Bu tür bakteriler, Dünya'nın ikinci atmosferinde gelişebilir. Kanıtlar, uzun süre başarılı olduklarını, karbondioksiti mutlu bir şekilde yiyeceğe dönüştürdüklerini ve atık ürün olarak oksijeni serbest bıraktıklarını gösteriyor.
İlk başta oksijen, demir açısından zengin kayalarla birleşerek kaya kaydındaki ilk pası oluşturdu. Ama sonunda salınan oksijen, doğanın telafi etme yeteneğini aştı. Siyanobakteriler yavaş yavaş çevrelerini oksijenle kirletti ve Dünya'nın mevcut atmosferinin gelişmesine neden oldu.
Siyanobakteriler oksijeni dışarı salarken, güneş ışığı atmosferdeki amonyağı parçalıyordu. Amonyak azot ve hidrojene ayrışır. Azot yavaş yavaş atmosferde birikti, ancak hidrojen, Dünya'nın ilk atmosferi gibi yavaş yavaş uzaya kaçtı.
Dünyanın Mevcut Atmosferi
Yaklaşık 2 milyar yıl önce volkanik gaz atmosferinden mevcut nitrojen-oksijen atmosferine geçiş gerçekleşti. Oksijen-karbon dioksit oranı geçmişte dalgalandı ve oksijen açısından zengin bir yüksekliğe yaklaşık yüzde 35'e ulaştı. Karbonifer Dönemi (300-355 milyon yıl önce) ve sonlarına doğru yaklaşık yüzde 15'lik bir oksijen düşüklüğü Permiyen Dönemi (250 milyon yıl önce).
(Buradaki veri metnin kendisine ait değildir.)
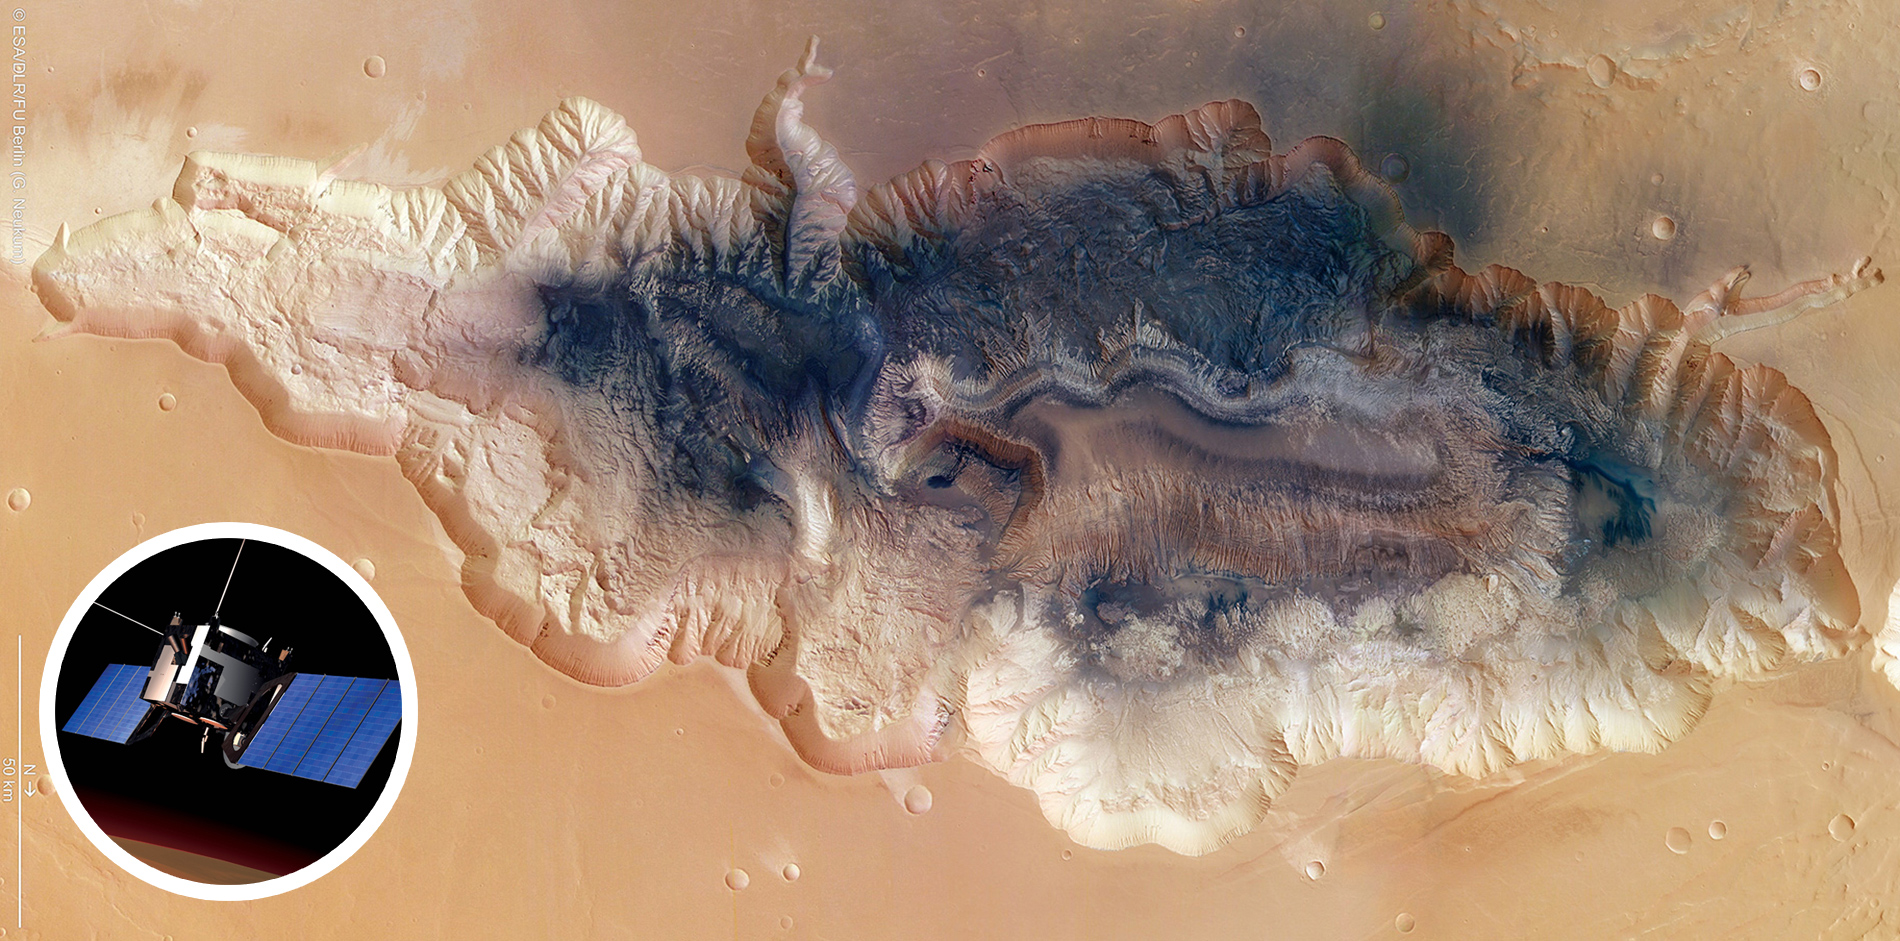 Hebes Chasma photographed by Mars Express (ESA/DLR/FU Berlin/G. Neukum), with inset rendering of Mars Express (ESA/Medialab)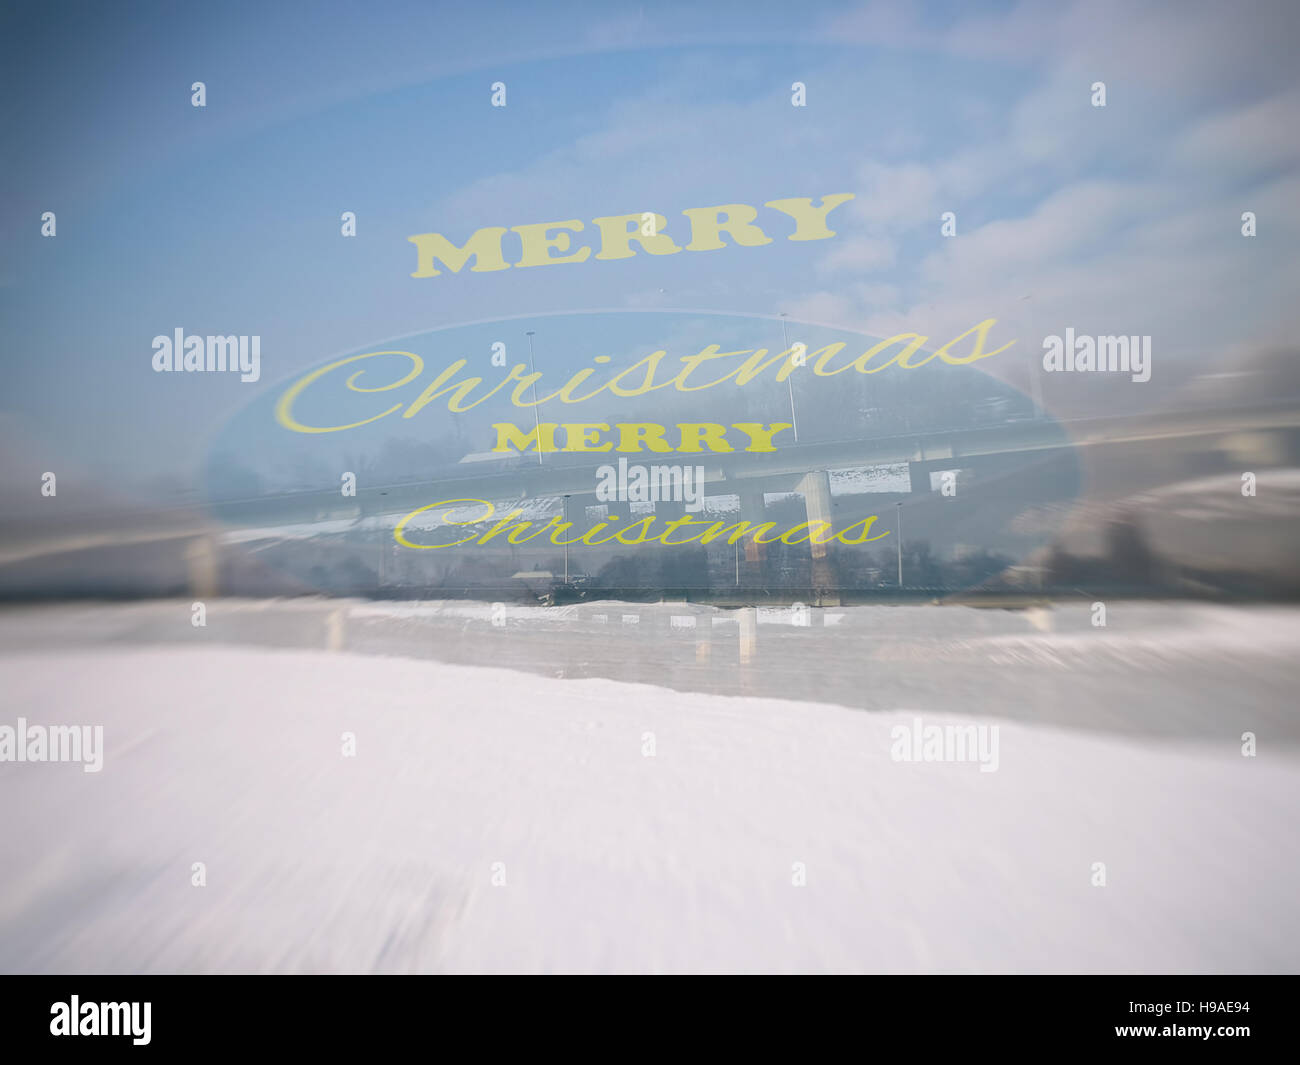 Merry Christmas, winter, snow, double vision, double exposure,  motivation; poster; quote; blurred images Stock Photo

Modern atmosfer yaklaşık yüzde 78 azot, yüzde 21 oksijen, yüzde 0,9 argon ve su buharı ve karbondioksit dahil olmak üzere yüzde 0,1 diğer gazları içerir. Bu oran, oksijen-karbondioksit oranındaki bazı dalgalanmalarla birlikte, Dünya'da yaşamın gelişmesine olanak sağlamıştır.
Tersine, fotosentez yapan bitkiler ve solunum yapan hayvanlar arasındaki etkileşimler, mevcut atmosferik gaz oranını korur.